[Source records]
======
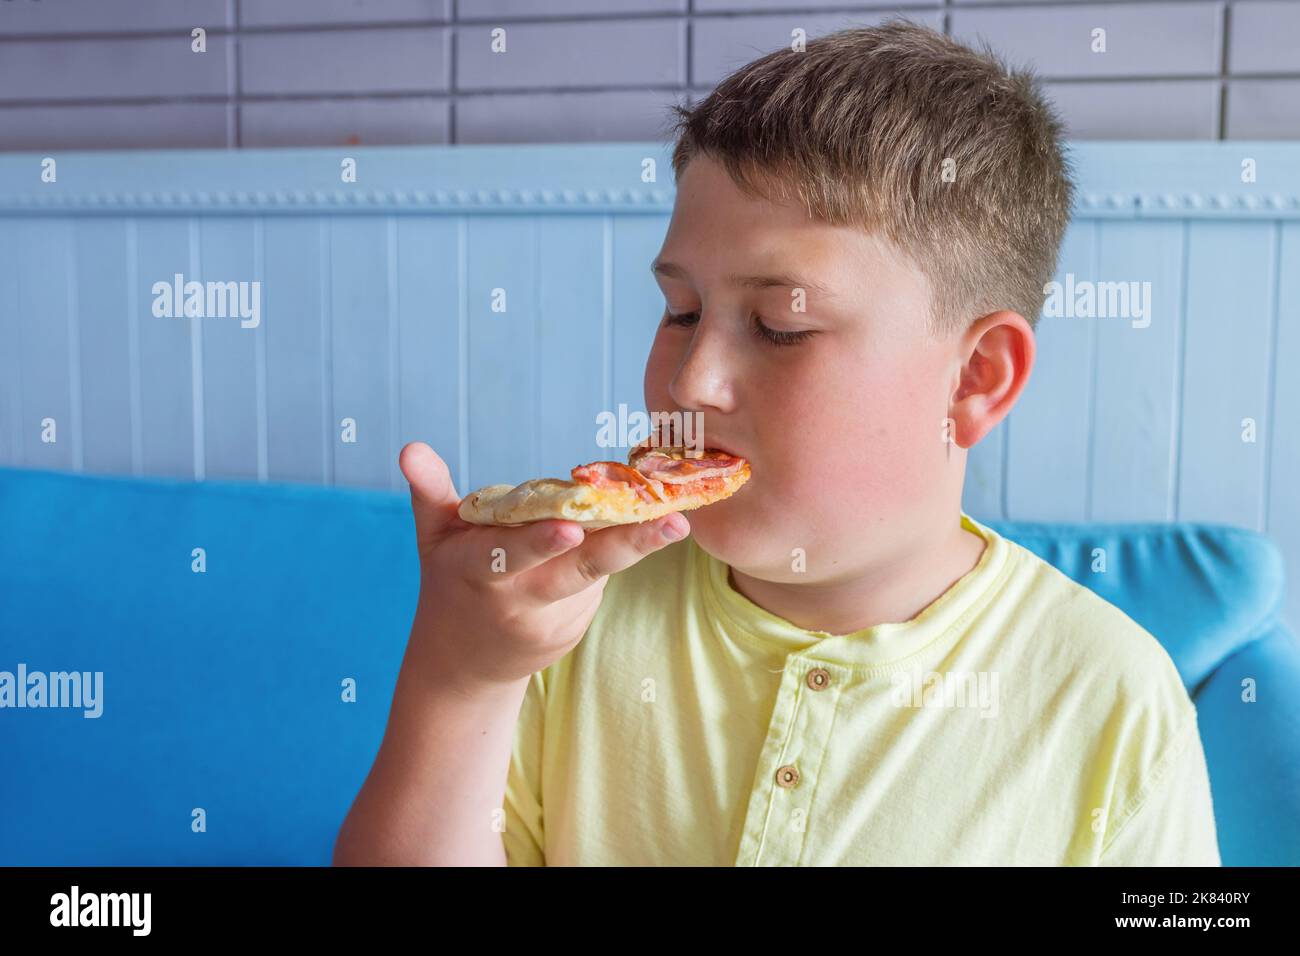 Le garçon aime manger de la pizza. Concept - obésité et régime malsain Banque D'Images
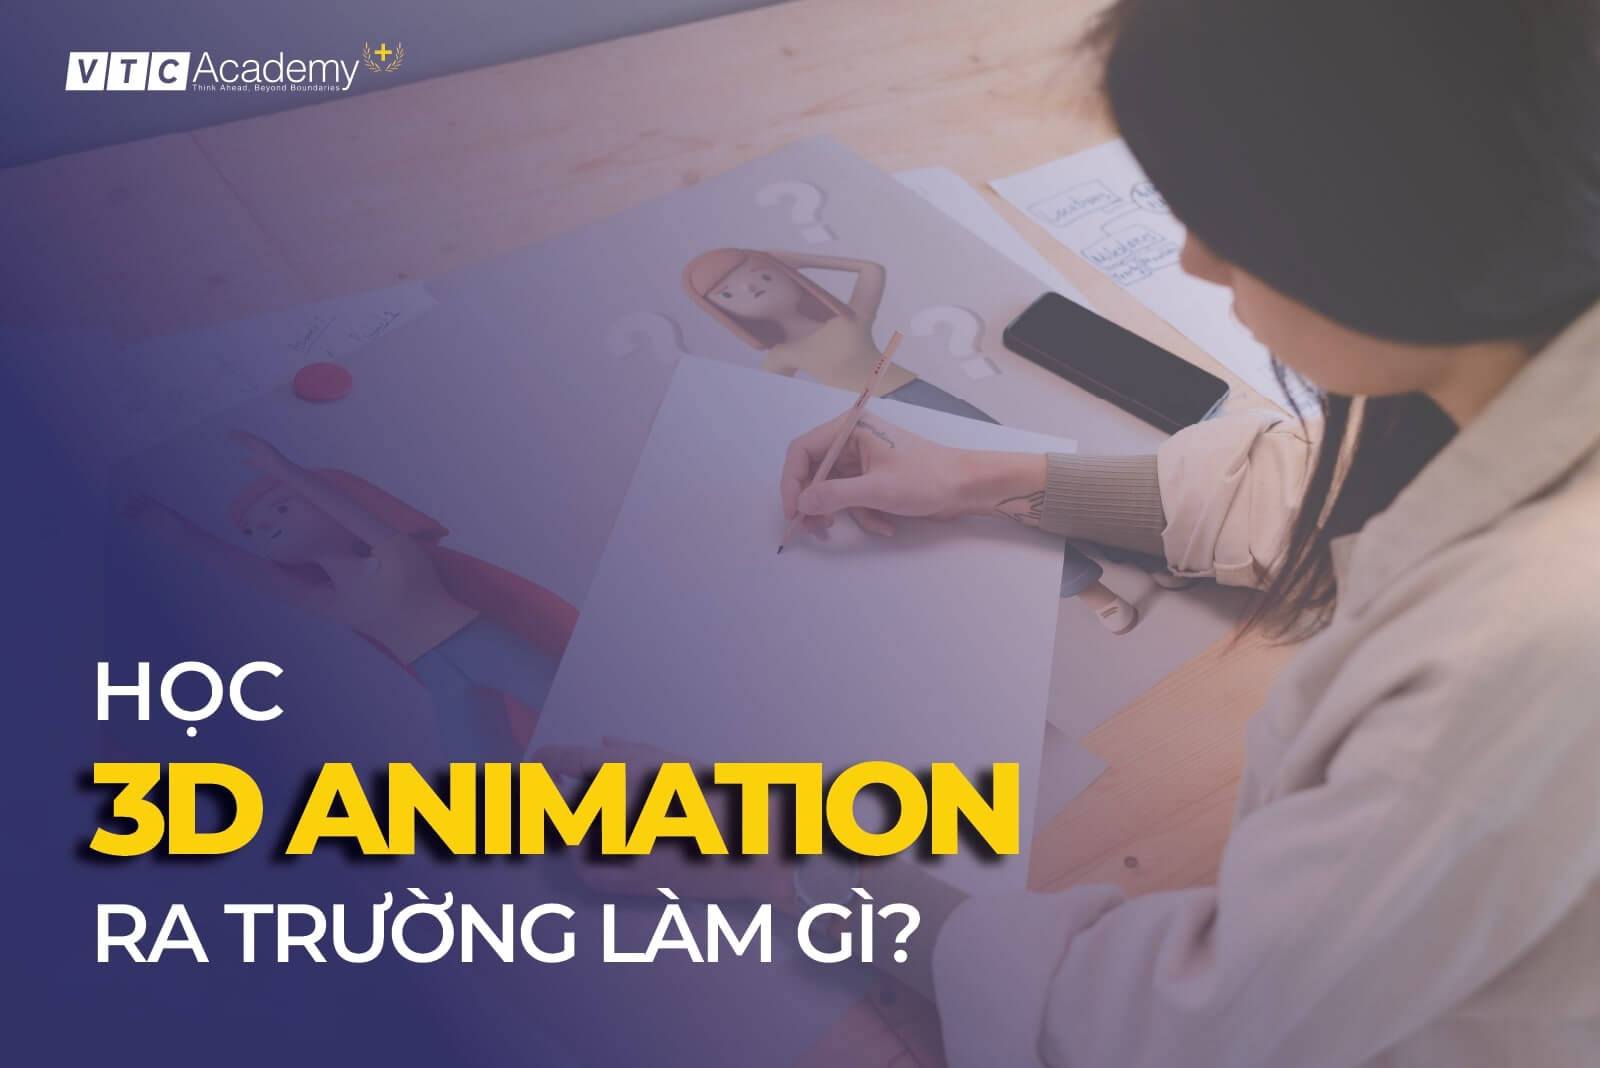 Học 3D Animation ra làm gì? Chi tiết công việc của 3D Animator
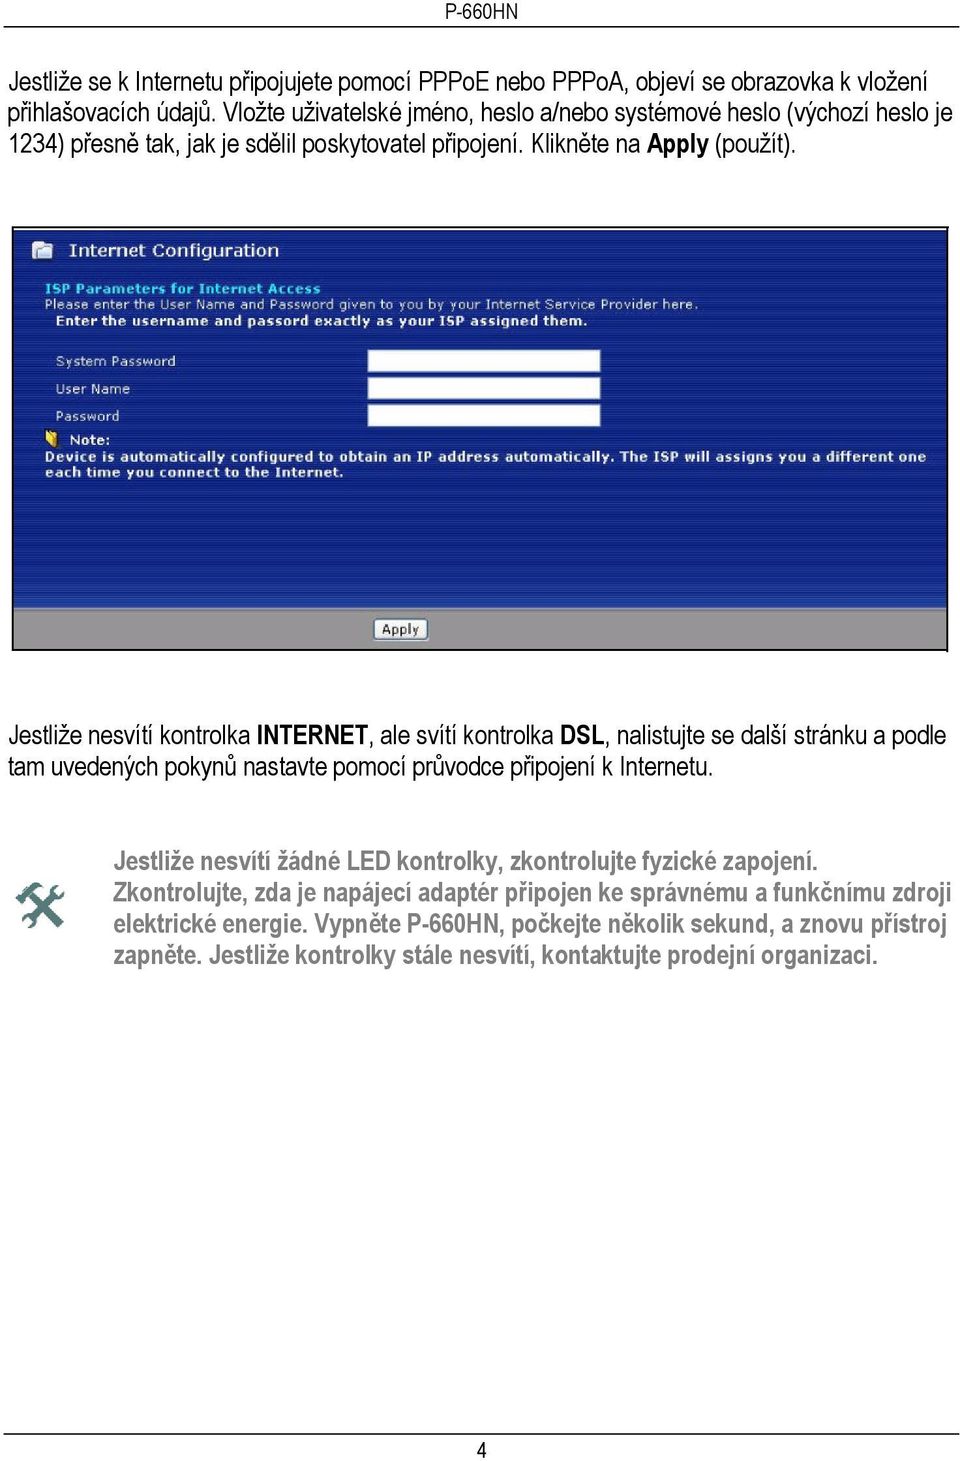 Jestliže nesvítí kontrolka INTERNET, ale svítí kontrolka DSL, nalistujte se další stránku a podle tam uvedených pokynů nastavte pomocí průvodce připojení k Internetu.
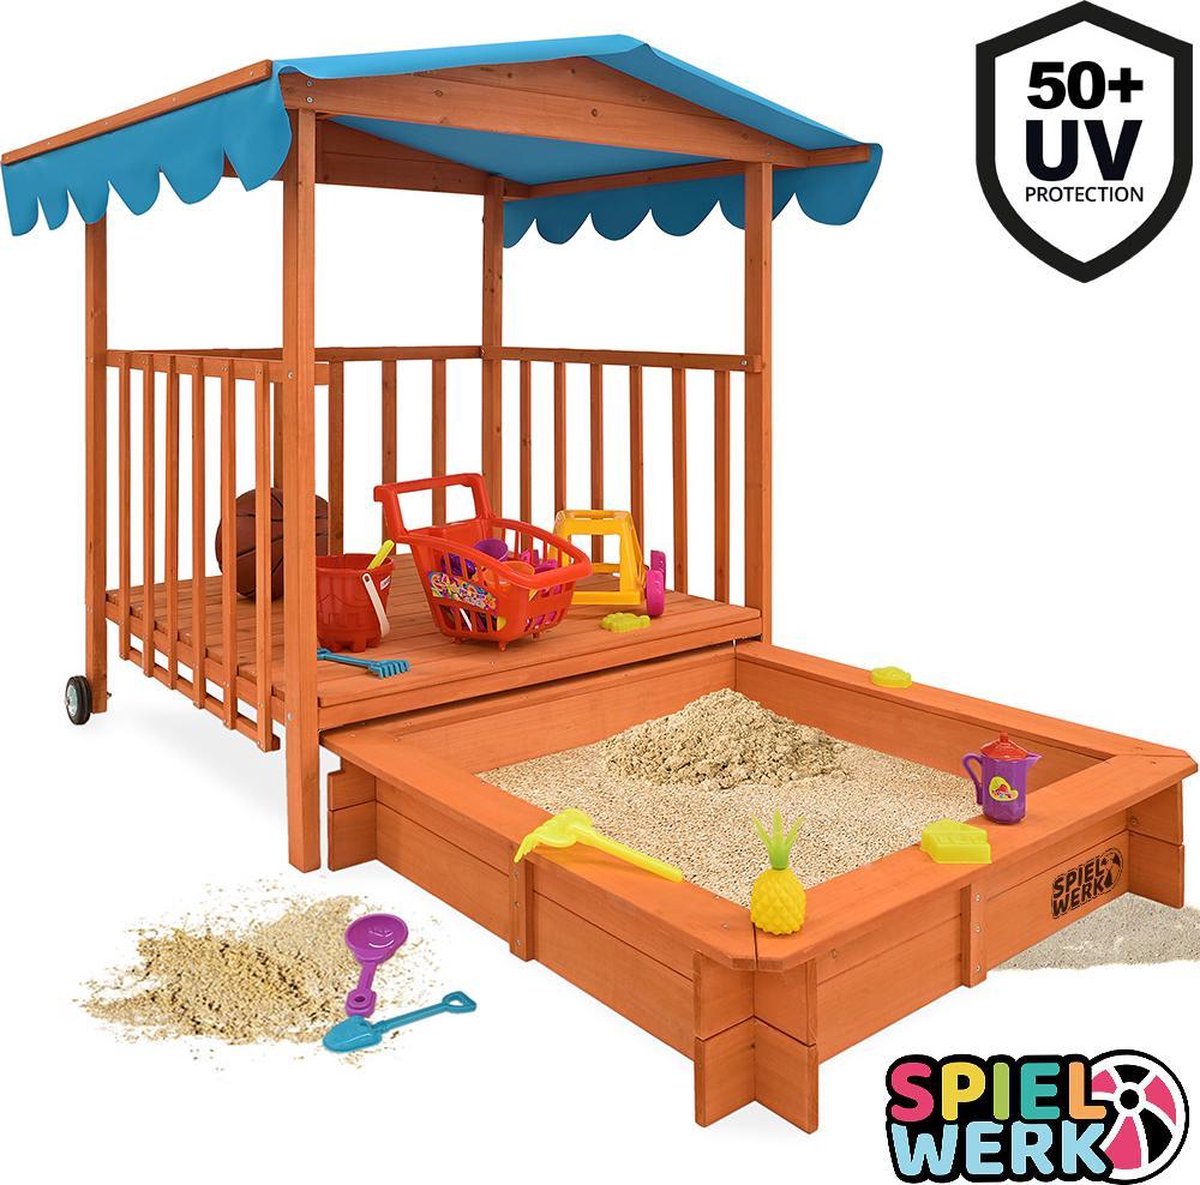 Spielwerk Zandbak met speelhuis en zwenkwielen - 130x130x143 cm - UV 50
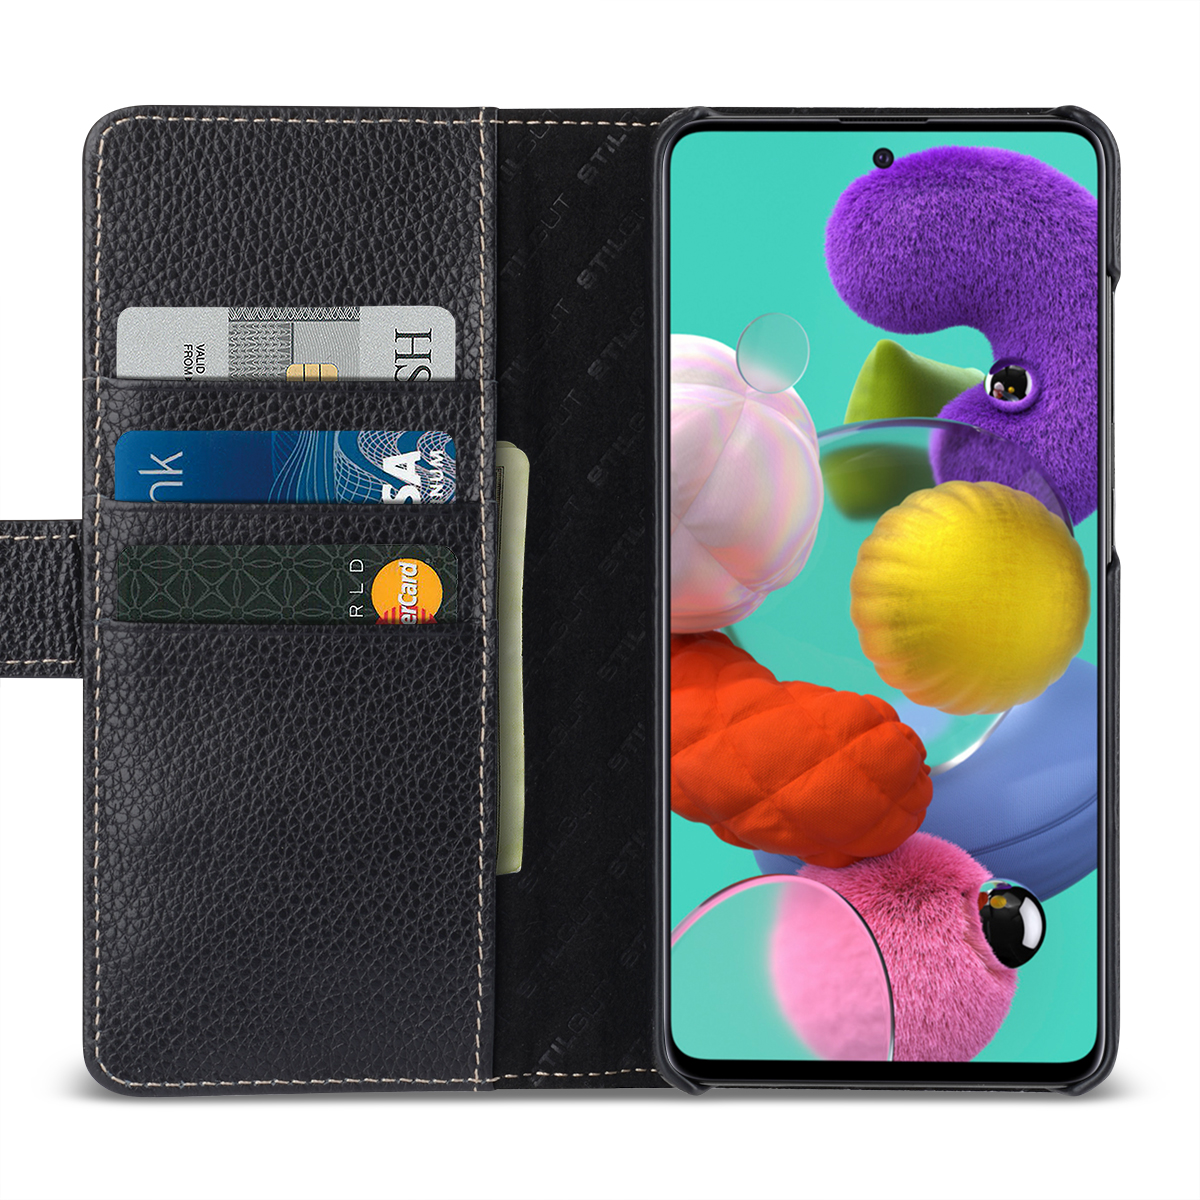 Flip Wallet Handyhülle PU Leder Tasche Case Kartensteckplätzen Schutzhülle Kompatibel mit Galaxy A51 AROYI Lederhülle Kompatibel mit Galaxy A51 Hülle und Schutzfolie Blau
======
- WHAT NEEDS TO BE DONE -
All lines after and including the one with "Jestliže nesvítí kontrolka", through the end of the entries above, should be output exactly and by themselves. The pictures are to be left out.

- SOLUTION TO THE EXERCISE -
 Jestliže nesvítí kontrolka INTERNET, ale svítí kontrolka DSL, nalistujte se další stránku a podle tam uvedených pokynů nastavte pomocí průvodce připojení k Internetu.
 Spielwerk Zandbak met speelhuis en zwenkwielen - 130x130x143 cm - UV 50
 Flip Wallet Handyhülle PU Leder Tasche Case Kartensteckplätzen Schutzhülle Kompatibel mit Galaxy A51 AROYI Lederhülle Kompatibel mit Galaxy A51 Hülle und Schutzfolie Blau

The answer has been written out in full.